TASK DATA below:

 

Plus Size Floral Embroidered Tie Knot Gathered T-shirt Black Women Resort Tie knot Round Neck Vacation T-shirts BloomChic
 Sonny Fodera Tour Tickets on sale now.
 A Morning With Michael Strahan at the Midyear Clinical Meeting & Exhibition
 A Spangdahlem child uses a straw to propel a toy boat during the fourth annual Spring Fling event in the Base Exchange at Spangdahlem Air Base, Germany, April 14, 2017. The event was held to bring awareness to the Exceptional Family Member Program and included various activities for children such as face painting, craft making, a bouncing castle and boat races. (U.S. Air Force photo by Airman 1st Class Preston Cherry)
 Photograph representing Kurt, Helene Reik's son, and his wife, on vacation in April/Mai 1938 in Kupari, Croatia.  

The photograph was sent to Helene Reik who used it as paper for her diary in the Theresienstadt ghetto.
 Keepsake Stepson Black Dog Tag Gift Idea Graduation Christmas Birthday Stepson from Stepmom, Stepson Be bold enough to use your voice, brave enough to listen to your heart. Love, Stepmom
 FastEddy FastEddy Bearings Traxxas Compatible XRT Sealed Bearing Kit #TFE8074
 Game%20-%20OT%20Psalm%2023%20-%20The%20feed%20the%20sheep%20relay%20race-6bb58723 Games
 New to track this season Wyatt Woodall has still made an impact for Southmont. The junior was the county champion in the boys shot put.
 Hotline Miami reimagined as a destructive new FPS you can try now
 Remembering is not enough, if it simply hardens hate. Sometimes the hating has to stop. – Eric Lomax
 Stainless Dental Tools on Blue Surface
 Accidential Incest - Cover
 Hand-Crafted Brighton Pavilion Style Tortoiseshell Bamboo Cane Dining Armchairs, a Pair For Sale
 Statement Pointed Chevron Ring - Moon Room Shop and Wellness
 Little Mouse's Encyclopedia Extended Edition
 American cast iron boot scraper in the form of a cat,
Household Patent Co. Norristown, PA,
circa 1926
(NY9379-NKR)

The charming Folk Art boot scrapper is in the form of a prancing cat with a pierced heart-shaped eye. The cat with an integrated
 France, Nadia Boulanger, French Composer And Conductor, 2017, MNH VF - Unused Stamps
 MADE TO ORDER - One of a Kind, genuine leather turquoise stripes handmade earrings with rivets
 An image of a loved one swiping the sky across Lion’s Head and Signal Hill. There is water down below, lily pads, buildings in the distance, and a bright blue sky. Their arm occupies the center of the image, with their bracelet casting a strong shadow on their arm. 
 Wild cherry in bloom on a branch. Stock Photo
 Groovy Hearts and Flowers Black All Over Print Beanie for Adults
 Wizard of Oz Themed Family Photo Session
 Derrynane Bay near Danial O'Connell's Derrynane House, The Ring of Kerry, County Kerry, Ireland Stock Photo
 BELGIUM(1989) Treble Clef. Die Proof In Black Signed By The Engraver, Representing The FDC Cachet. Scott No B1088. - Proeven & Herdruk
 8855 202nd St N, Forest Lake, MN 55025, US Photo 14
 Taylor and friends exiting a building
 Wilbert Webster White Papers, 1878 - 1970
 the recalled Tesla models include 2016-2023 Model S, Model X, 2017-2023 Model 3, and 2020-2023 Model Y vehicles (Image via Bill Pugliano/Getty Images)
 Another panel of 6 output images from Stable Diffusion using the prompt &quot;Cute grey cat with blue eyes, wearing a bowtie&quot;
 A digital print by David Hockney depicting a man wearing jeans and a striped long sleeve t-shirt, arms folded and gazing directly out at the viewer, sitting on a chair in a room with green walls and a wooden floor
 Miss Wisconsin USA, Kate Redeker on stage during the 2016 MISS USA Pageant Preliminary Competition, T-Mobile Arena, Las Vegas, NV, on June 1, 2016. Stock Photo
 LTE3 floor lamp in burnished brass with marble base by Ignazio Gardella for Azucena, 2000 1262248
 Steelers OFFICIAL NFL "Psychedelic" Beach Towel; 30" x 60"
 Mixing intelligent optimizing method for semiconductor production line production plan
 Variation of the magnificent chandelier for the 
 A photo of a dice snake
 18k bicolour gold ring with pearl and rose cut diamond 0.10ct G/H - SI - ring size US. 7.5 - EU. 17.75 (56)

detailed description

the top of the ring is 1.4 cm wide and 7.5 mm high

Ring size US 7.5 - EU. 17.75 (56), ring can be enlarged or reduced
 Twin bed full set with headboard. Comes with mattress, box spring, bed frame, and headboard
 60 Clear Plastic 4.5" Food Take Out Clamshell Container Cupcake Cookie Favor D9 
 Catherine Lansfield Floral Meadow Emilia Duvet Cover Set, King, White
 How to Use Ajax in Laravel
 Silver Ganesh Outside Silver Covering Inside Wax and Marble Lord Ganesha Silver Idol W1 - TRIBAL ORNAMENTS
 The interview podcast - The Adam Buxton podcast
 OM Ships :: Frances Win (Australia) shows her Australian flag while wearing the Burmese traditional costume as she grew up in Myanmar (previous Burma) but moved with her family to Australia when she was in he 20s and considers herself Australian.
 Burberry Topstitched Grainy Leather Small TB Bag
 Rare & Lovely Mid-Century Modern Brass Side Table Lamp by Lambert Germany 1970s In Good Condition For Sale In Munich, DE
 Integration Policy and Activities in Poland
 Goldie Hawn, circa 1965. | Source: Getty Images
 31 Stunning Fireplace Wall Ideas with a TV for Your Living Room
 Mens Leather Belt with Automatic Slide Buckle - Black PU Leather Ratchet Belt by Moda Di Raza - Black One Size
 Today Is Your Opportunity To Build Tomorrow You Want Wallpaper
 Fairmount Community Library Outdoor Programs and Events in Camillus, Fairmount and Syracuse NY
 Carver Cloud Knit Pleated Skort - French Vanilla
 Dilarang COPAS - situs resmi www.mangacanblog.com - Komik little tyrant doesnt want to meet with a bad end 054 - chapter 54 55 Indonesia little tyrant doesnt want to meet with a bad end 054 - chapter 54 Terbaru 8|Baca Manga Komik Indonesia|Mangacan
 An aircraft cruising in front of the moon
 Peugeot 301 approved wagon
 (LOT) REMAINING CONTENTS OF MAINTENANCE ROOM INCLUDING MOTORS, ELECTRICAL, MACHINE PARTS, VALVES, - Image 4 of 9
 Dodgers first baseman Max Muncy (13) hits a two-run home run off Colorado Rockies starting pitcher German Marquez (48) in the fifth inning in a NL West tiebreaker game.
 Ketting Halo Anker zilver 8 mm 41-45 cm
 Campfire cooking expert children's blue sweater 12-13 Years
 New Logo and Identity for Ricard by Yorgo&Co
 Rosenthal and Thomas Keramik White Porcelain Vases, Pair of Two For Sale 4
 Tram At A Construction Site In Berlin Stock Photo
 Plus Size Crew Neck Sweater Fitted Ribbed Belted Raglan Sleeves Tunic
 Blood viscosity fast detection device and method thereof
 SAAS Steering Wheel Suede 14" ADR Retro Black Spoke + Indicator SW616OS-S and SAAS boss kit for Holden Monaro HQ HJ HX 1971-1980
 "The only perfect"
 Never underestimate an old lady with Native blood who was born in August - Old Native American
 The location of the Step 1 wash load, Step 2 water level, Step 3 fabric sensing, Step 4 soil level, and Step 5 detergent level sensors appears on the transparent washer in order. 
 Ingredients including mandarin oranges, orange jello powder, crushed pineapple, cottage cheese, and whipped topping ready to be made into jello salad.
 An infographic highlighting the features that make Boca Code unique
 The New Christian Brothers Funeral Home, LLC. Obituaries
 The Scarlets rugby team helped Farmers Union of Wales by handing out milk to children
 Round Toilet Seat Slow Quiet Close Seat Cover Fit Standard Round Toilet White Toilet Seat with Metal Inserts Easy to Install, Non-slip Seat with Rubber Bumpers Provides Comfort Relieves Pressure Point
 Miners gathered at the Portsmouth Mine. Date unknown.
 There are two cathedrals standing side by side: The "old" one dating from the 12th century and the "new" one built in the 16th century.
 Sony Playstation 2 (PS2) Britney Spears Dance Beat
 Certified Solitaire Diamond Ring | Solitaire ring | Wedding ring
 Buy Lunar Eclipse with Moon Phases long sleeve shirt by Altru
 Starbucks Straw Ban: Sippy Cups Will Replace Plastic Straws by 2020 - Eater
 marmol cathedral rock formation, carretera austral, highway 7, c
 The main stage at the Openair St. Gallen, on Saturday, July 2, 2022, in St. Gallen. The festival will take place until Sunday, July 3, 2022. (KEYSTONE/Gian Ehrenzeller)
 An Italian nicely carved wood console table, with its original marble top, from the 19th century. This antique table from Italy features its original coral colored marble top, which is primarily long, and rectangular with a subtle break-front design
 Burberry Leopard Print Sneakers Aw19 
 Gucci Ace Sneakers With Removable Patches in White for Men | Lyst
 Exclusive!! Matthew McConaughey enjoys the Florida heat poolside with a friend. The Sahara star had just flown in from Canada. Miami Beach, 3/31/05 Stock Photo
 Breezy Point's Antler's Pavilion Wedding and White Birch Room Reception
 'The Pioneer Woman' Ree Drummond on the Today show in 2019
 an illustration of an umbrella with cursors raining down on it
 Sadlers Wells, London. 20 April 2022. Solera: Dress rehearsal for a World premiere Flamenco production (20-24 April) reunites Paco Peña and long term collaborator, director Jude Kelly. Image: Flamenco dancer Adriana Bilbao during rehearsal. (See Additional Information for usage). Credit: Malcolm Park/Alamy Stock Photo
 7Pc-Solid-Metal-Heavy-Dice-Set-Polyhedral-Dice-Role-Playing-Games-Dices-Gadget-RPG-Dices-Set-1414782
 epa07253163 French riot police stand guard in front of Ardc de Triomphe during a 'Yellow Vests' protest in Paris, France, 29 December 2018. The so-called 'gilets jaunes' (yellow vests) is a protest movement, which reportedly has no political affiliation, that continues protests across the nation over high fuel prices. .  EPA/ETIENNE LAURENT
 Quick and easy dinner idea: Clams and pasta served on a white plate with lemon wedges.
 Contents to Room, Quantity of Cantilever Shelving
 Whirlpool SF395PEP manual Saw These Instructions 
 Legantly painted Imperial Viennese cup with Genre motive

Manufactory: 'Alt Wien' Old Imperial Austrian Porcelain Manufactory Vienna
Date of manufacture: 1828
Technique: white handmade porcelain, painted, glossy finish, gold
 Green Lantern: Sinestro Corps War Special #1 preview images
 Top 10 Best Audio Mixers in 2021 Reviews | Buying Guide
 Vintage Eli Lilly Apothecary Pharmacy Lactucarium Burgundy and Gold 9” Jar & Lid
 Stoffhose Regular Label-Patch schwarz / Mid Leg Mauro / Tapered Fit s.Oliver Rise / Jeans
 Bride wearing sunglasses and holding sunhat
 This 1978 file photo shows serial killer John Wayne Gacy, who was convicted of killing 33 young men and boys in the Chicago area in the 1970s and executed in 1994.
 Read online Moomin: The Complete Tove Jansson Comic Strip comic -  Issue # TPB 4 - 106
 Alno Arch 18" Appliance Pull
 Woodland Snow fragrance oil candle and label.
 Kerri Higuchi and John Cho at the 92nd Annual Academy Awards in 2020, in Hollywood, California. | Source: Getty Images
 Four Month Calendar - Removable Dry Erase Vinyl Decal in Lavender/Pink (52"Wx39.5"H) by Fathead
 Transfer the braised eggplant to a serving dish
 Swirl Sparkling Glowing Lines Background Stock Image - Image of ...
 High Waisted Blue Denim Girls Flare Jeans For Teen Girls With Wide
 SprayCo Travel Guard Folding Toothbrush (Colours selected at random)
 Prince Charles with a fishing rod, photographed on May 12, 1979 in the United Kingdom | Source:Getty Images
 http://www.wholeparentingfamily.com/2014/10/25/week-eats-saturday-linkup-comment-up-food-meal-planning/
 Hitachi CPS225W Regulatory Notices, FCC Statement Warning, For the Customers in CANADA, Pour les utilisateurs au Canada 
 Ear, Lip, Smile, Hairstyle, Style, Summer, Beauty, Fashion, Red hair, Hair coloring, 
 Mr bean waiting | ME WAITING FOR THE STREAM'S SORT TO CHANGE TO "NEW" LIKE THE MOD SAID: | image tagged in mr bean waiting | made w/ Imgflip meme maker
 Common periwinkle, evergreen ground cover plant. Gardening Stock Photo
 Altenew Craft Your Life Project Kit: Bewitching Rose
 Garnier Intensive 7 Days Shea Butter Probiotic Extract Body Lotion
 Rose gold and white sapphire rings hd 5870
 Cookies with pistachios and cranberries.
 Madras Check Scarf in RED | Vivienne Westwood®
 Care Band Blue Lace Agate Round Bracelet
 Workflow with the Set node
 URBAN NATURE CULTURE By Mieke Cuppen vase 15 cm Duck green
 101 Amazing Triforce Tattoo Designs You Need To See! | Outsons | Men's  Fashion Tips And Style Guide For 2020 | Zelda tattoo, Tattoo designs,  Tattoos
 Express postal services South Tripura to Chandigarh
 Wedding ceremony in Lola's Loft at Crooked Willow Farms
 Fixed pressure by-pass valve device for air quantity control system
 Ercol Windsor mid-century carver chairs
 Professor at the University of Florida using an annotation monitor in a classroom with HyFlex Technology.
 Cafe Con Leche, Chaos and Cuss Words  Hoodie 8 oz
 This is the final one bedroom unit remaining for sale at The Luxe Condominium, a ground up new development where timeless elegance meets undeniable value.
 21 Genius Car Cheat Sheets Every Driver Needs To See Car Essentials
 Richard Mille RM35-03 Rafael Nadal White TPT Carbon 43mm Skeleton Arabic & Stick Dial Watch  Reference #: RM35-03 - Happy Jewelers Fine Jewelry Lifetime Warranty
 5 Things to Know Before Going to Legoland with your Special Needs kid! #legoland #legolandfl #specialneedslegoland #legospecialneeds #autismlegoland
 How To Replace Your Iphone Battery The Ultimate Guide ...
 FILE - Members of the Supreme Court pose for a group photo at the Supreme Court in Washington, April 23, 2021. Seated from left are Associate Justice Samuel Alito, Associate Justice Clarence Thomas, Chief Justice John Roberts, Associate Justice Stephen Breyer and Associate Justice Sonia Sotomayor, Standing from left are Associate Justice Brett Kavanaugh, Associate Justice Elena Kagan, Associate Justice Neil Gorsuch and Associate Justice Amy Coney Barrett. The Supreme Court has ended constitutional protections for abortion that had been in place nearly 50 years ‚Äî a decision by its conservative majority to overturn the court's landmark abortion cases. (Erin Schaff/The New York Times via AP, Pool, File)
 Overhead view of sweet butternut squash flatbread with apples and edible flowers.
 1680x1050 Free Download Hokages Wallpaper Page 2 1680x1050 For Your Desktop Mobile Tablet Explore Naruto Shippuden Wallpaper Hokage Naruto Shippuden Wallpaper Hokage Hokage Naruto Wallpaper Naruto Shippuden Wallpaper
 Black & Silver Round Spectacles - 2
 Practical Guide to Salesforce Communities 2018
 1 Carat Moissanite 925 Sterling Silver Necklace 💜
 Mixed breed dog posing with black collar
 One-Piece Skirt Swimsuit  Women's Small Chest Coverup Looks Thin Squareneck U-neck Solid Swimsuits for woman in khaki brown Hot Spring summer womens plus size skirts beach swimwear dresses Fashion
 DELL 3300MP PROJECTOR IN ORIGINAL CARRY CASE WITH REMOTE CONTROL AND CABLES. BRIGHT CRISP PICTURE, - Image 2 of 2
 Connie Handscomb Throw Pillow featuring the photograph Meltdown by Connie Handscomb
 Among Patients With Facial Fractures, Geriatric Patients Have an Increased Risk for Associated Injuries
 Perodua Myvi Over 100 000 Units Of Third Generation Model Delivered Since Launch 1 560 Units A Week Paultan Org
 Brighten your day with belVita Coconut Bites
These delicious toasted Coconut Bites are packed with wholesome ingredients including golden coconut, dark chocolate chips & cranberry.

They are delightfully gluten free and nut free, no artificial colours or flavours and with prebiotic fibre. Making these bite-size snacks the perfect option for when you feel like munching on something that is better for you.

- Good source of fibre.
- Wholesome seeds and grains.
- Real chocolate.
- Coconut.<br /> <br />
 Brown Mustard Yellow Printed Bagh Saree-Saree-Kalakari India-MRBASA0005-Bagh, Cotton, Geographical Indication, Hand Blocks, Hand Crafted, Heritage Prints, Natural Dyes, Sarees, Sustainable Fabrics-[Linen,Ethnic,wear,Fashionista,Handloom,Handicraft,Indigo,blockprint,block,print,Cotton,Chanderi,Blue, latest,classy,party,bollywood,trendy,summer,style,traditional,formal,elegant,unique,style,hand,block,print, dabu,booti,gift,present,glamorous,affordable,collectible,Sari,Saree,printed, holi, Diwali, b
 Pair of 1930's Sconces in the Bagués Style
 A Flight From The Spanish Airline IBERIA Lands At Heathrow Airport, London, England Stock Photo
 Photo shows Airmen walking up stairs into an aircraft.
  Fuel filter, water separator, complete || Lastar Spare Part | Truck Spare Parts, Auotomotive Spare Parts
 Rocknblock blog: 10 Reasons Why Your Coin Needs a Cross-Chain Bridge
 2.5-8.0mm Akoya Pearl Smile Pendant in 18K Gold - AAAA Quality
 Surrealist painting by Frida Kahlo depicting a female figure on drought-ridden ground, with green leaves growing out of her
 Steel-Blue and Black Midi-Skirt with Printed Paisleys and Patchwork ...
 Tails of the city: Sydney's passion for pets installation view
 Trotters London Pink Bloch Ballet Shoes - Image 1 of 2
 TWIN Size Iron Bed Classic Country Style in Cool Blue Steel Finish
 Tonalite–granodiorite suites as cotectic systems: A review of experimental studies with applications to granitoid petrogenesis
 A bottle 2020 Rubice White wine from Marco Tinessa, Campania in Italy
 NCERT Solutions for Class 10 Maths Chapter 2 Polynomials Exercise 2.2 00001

End of TASK DATA.

ASSIGNED TASK —
Beginning with the opening line above, retype the records exactly through the line with "A Morning With", both ends included.

WRITTEN RESPONSE —
Plus Size Floral Embroidered Tie Knot Gathered T-shirt Black Women Resort Tie knot Round Neck Vacation T-shirts BloomChic
 Sonny Fodera Tour Tickets on sale now.
 A Morning With Michael Strahan at the Midyear Clinical Meeting & Exhibition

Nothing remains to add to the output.